As I watch that 2 minute kata performance of yours, I notice a few things that, in my mind, make me believe that this may not be The Lost Kata of Uechi-RyuTM. For example:
- This is the only kata where there are overt and definitive steps backwards.
- This is the only kata where there are attacks to the side (eg. the three elbow strikes while sliding to the right)
- There isn't a Sanchin strike in the entire kata. I know that there are Sanchin arm positions in certain spots, but there isn't an arm strike.
- The kicks: There are more kicks, and of varied types, than in the other kata. Sanseiryu has one front kick in it, but Superempi has lots of kicks, and not just front kicks. There are sokuto-geri, stomps, high front kick and front kicks with the rear foot.

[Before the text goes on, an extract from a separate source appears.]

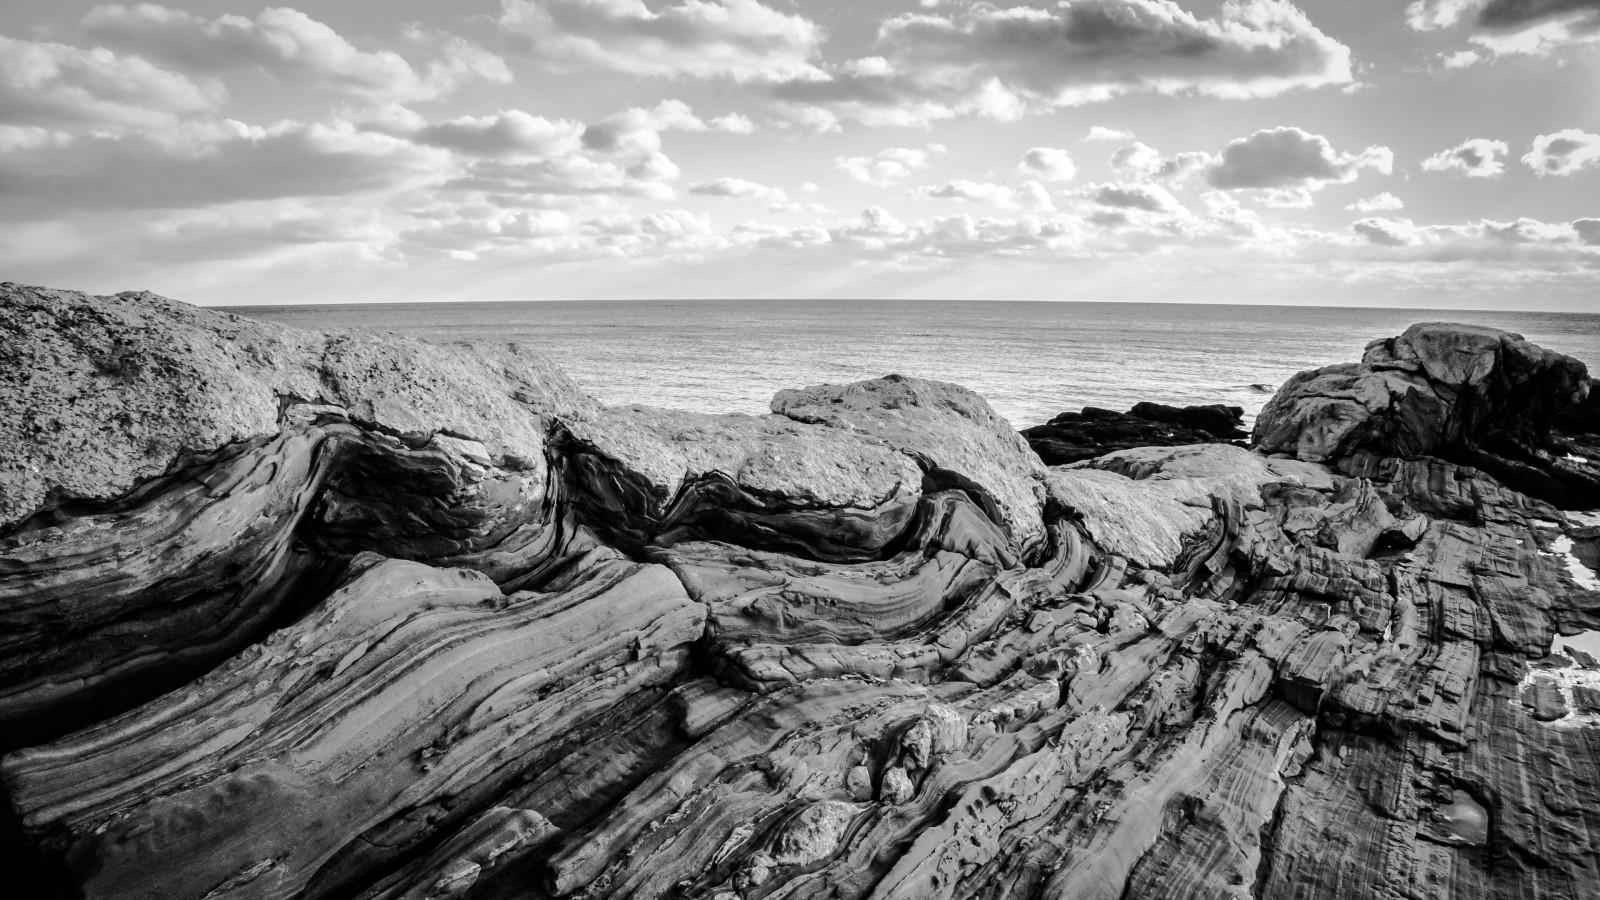 огромные фотографии берег вычерчивании планов учитывается

Now, there are some elements that do seem to support it's possible position in the Uechi Pantheon
- Kakushken strikes. I haven't seen these in any other martial arts I've seen (but then again, I haven't seen too many...)

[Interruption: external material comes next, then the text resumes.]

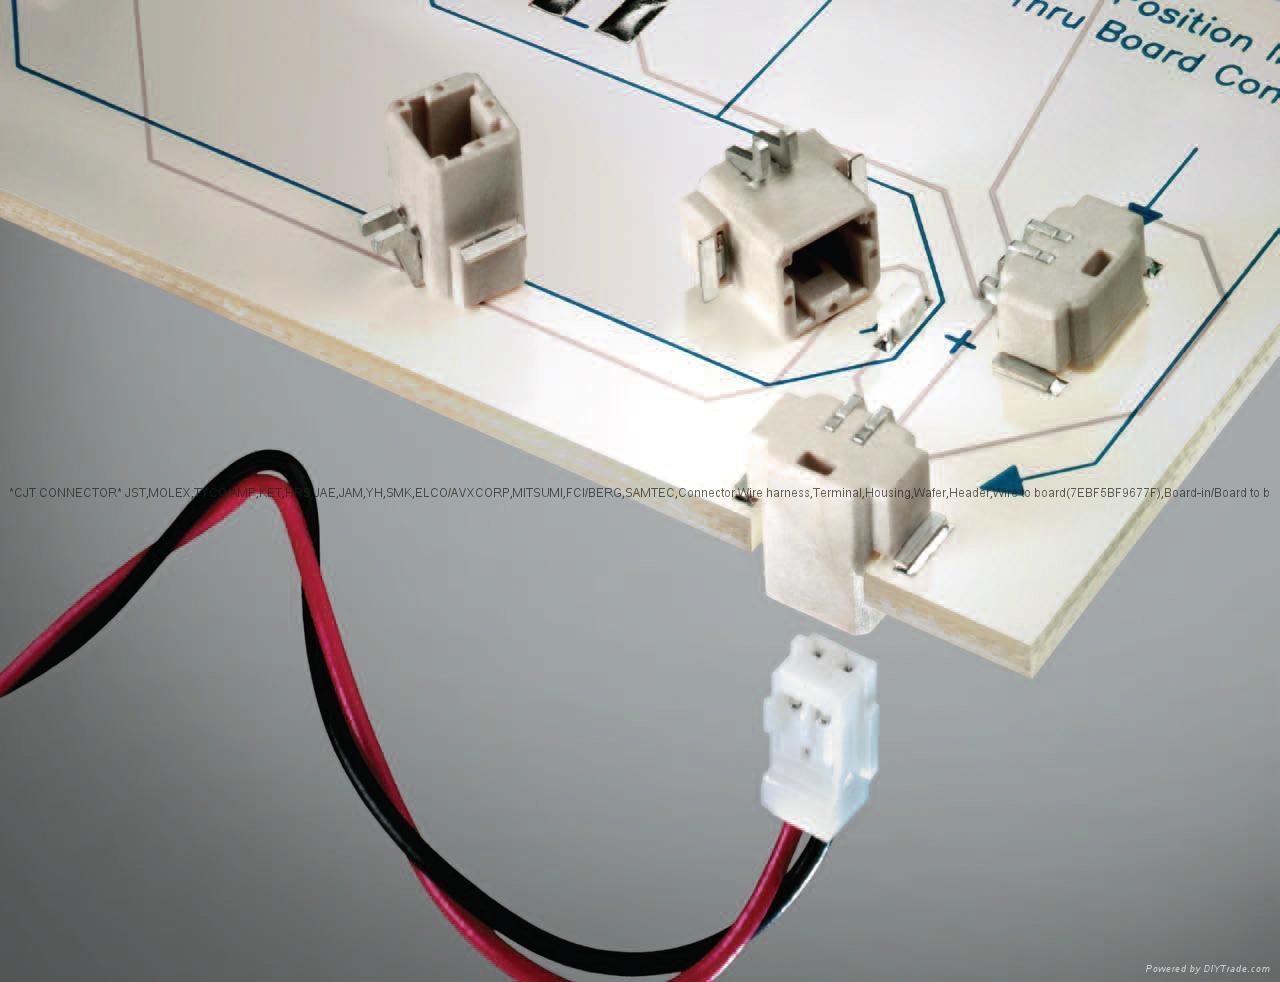 连接器 LED连接器,筒灯连接器,反向穿板式SMT连接器 1

- The use of other weapons, practiced only in hojo-undo that appear no where else in The Big Three, but in the 5 "made-up" kata, like the wrist strikes, roundhouse punches (albeit with shokens), shuto and the aforementioned sokuto-geri.
Now, there is no doubt to me that this kata shares many of the same fighting concepts in certain Uechi kata, like the use of shokens and other pointy-ended weapons, the wa-uke circle thingy and the low, penetrating kicks. However, to me it seems such a radical departure from the other Uechi kata that I have real tough time thinking a brother-brother relationship exists. Maybe a cousin-cousin relationship.
Now, don't get me wrong, I really do want to believe that this kata is it. It looks like a fun one to do, and has some cool stuff in it (like grabbing some dude's head and cracking it on your knee and not to mention the chi-chi puppies) and maybe one of these years I'll get to learning it. But its differences appear to outweight it's similarities.
Now I don't really want to start a debate as to whether it is or it isn't, but unless there is something deeper I'm missing, I'd really like more evidence.